[YOUR ASSIGNMENT]: Make an exact copy, from the records below, of the lines from the line containing "LED, Intel 4" to the line containing "Chiccy Kadın Beyaz", both lines included, excluding pictures.

[MATERIAL PROVIDED]:
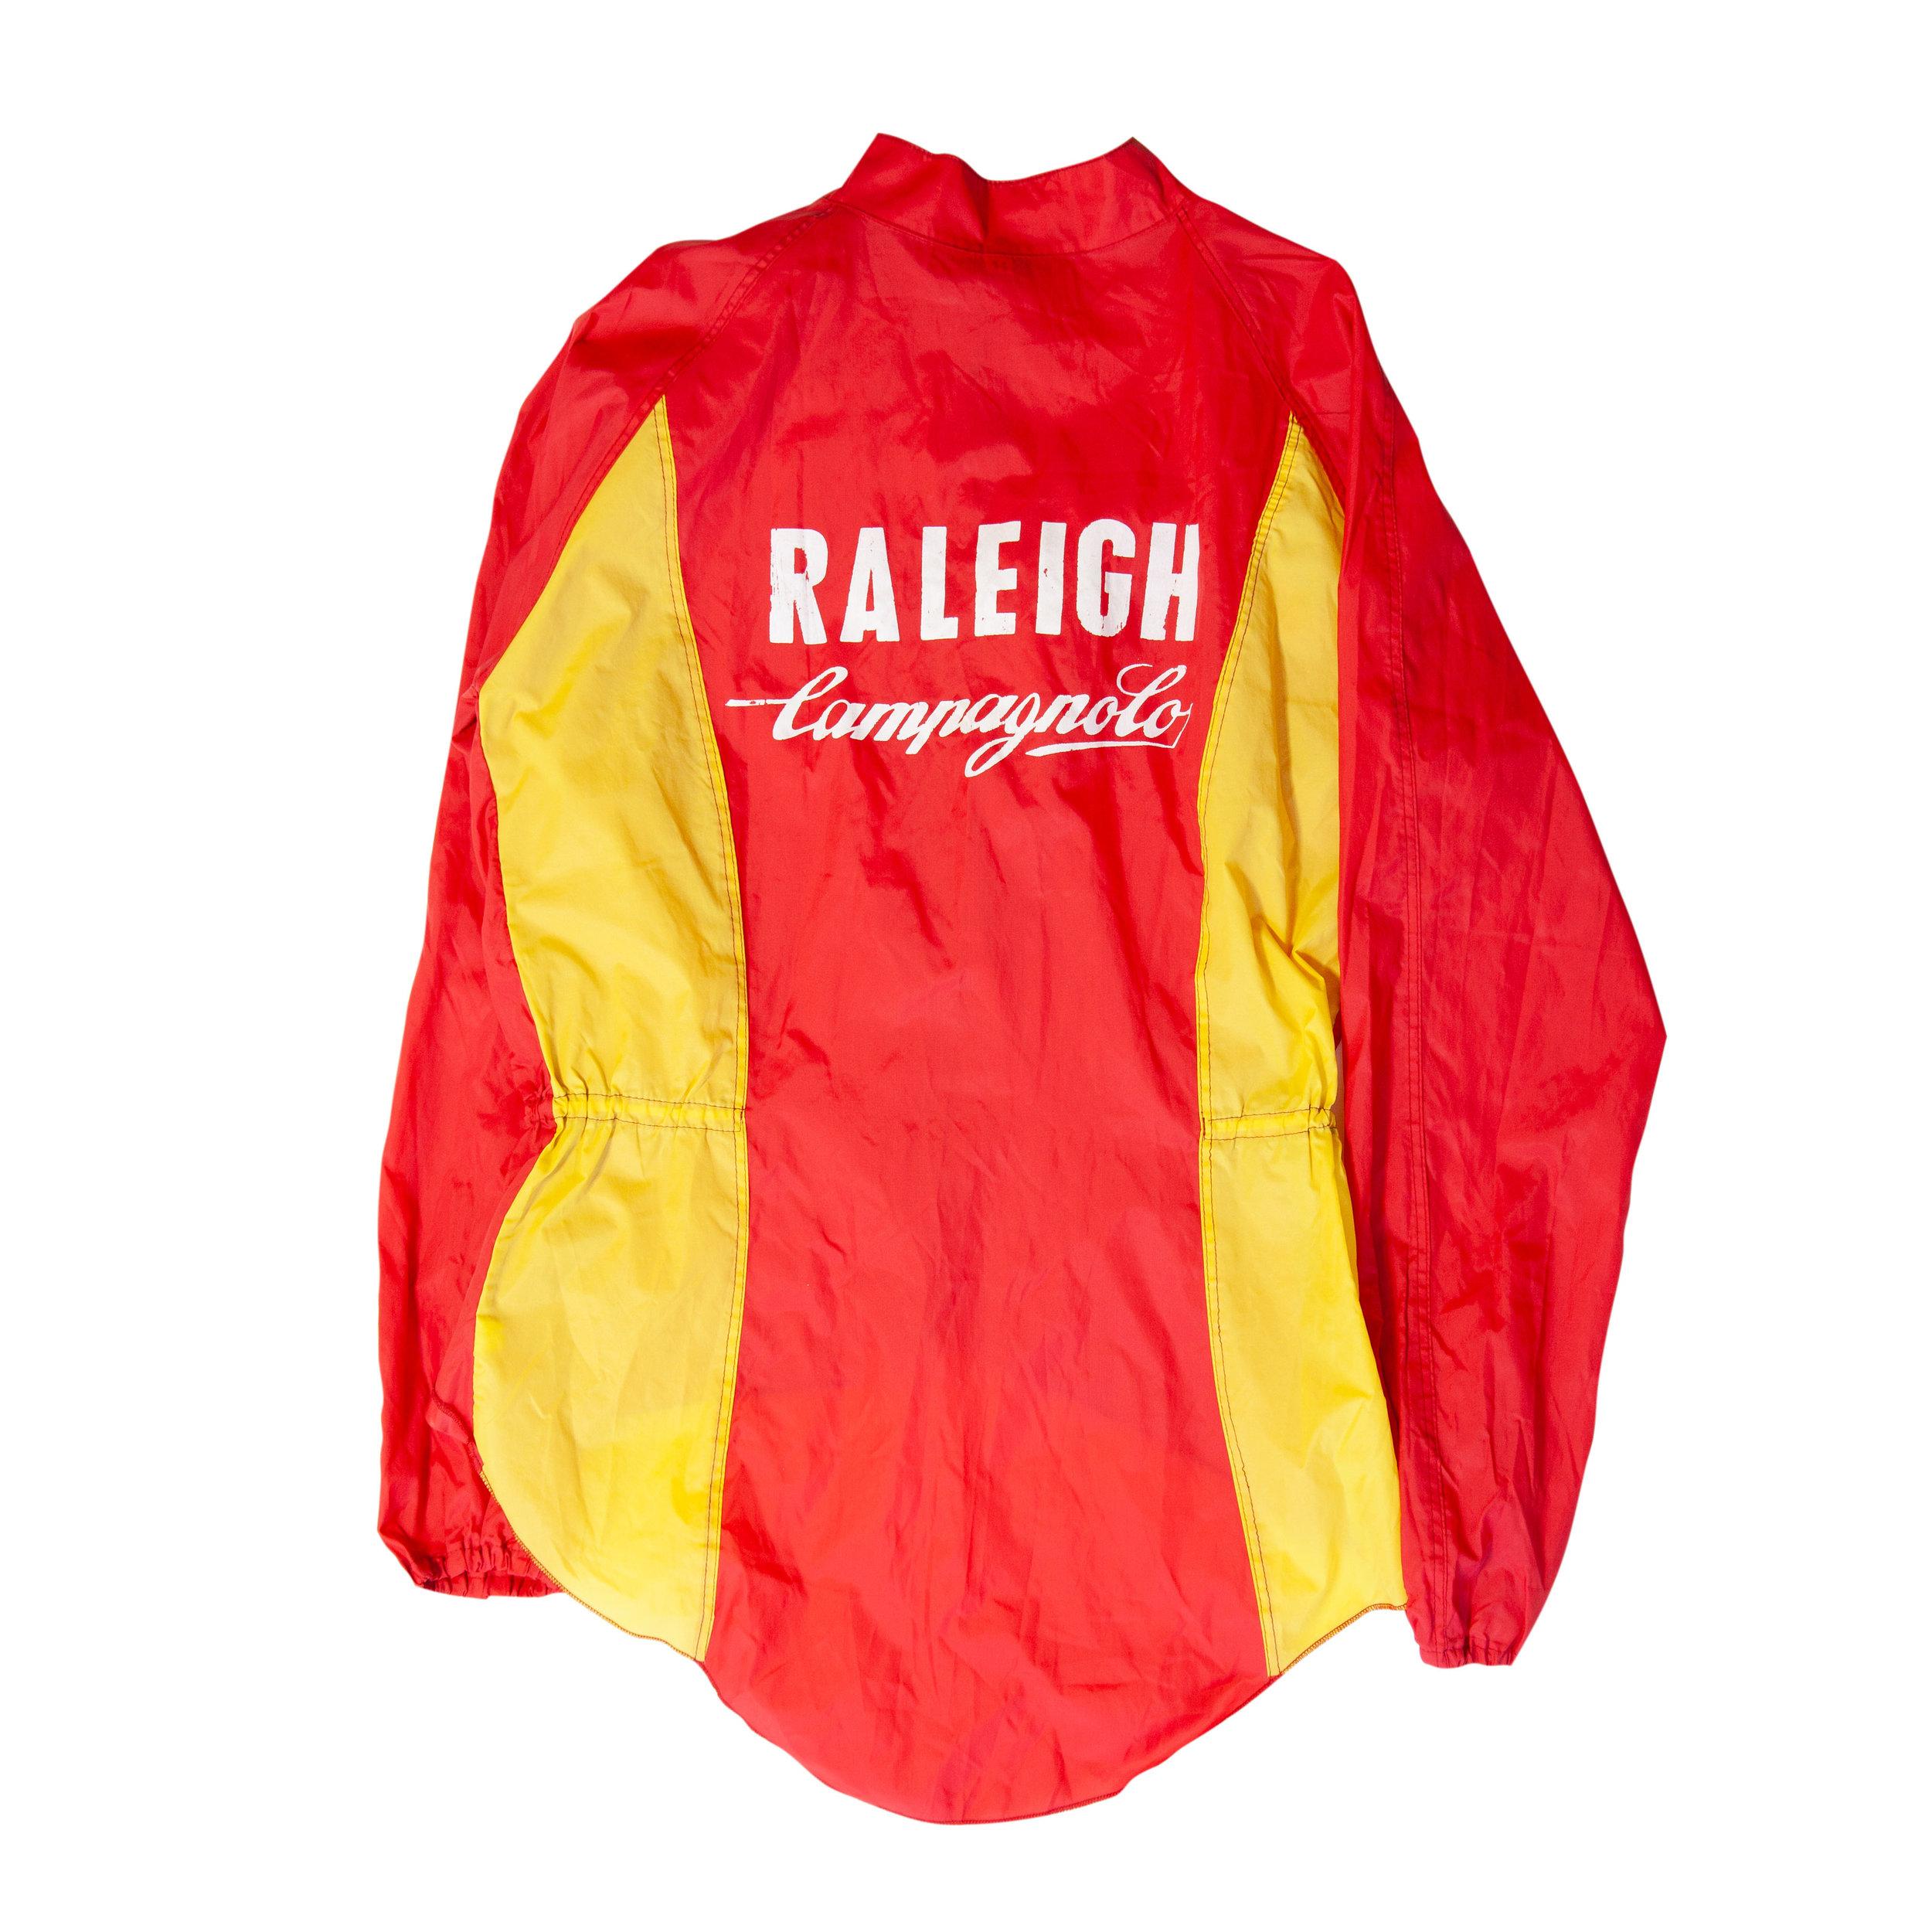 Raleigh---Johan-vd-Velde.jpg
==
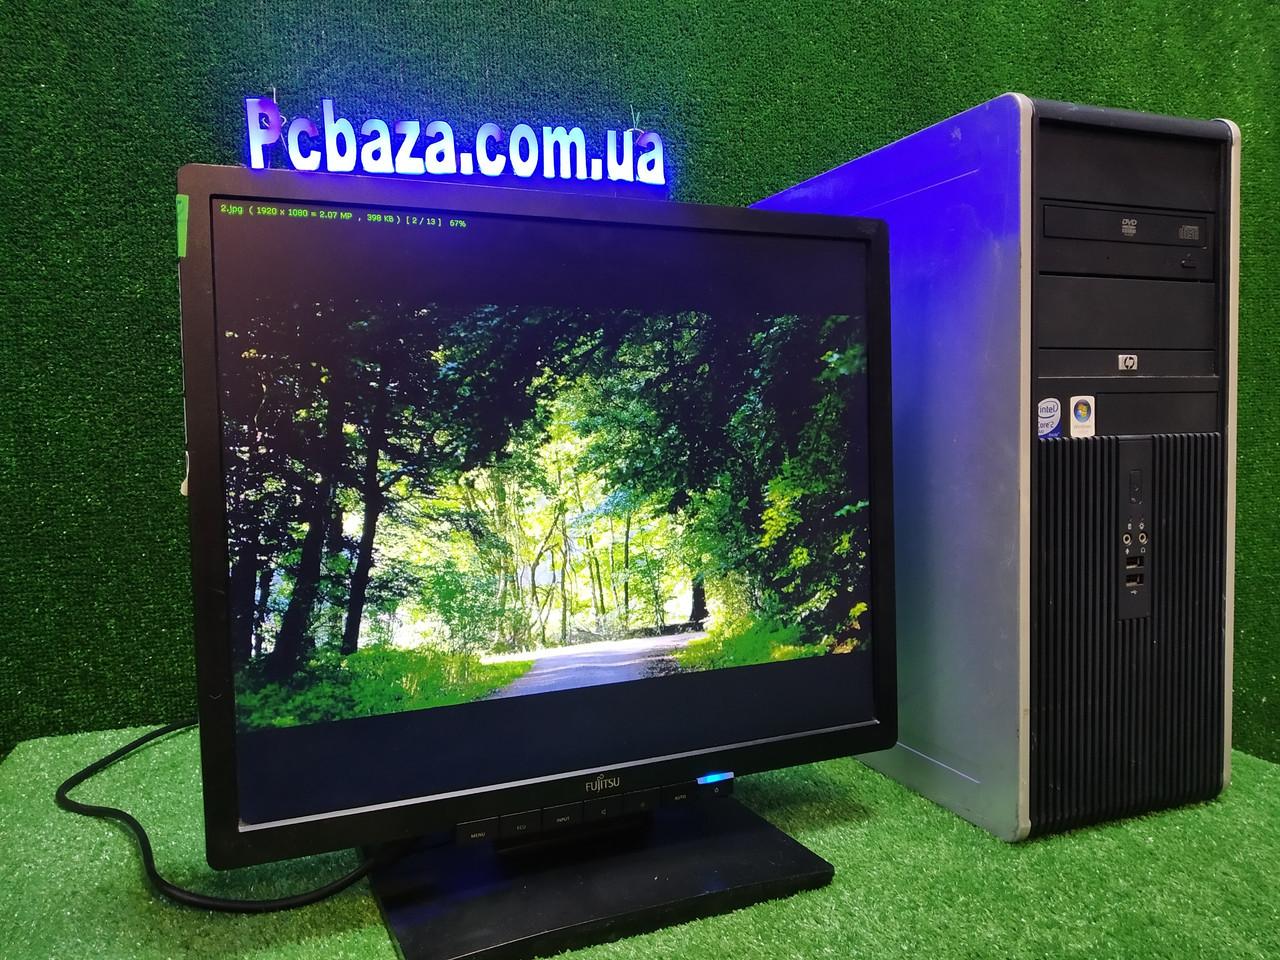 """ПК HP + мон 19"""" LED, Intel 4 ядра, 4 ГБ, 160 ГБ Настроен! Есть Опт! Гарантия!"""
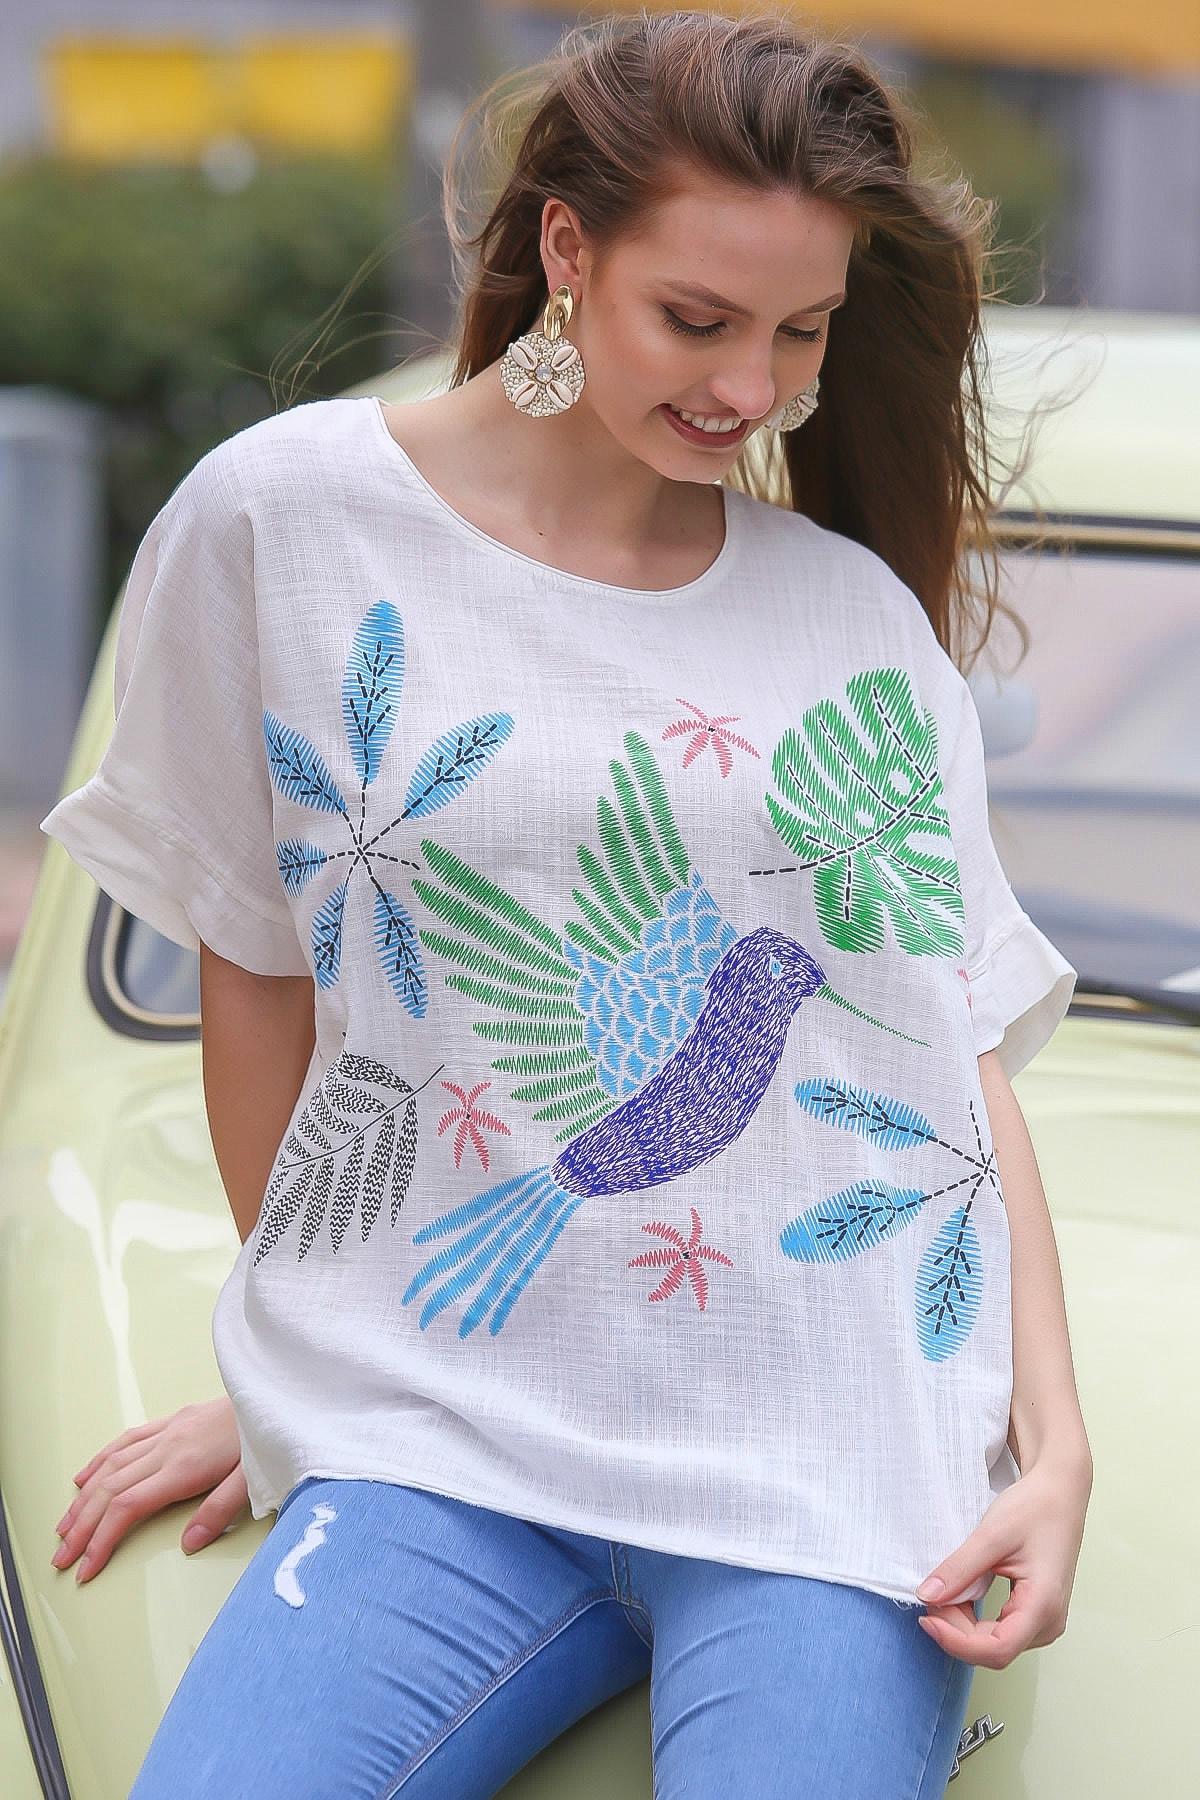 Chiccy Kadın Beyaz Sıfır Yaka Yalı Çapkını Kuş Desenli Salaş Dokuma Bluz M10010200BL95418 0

[WRITTEN ANSWER]:
 """ПК HP + мон 19"""" LED, Intel 4 ядра, 4 ГБ, 160 ГБ Настроен! Есть Опт! Гарантия!"""
 Chiccy Kadın Beyaz Sıfır Yaka Yalı Çapkını Kuş Desenli Salaş Dokuma Bluz M10010200BL95418 0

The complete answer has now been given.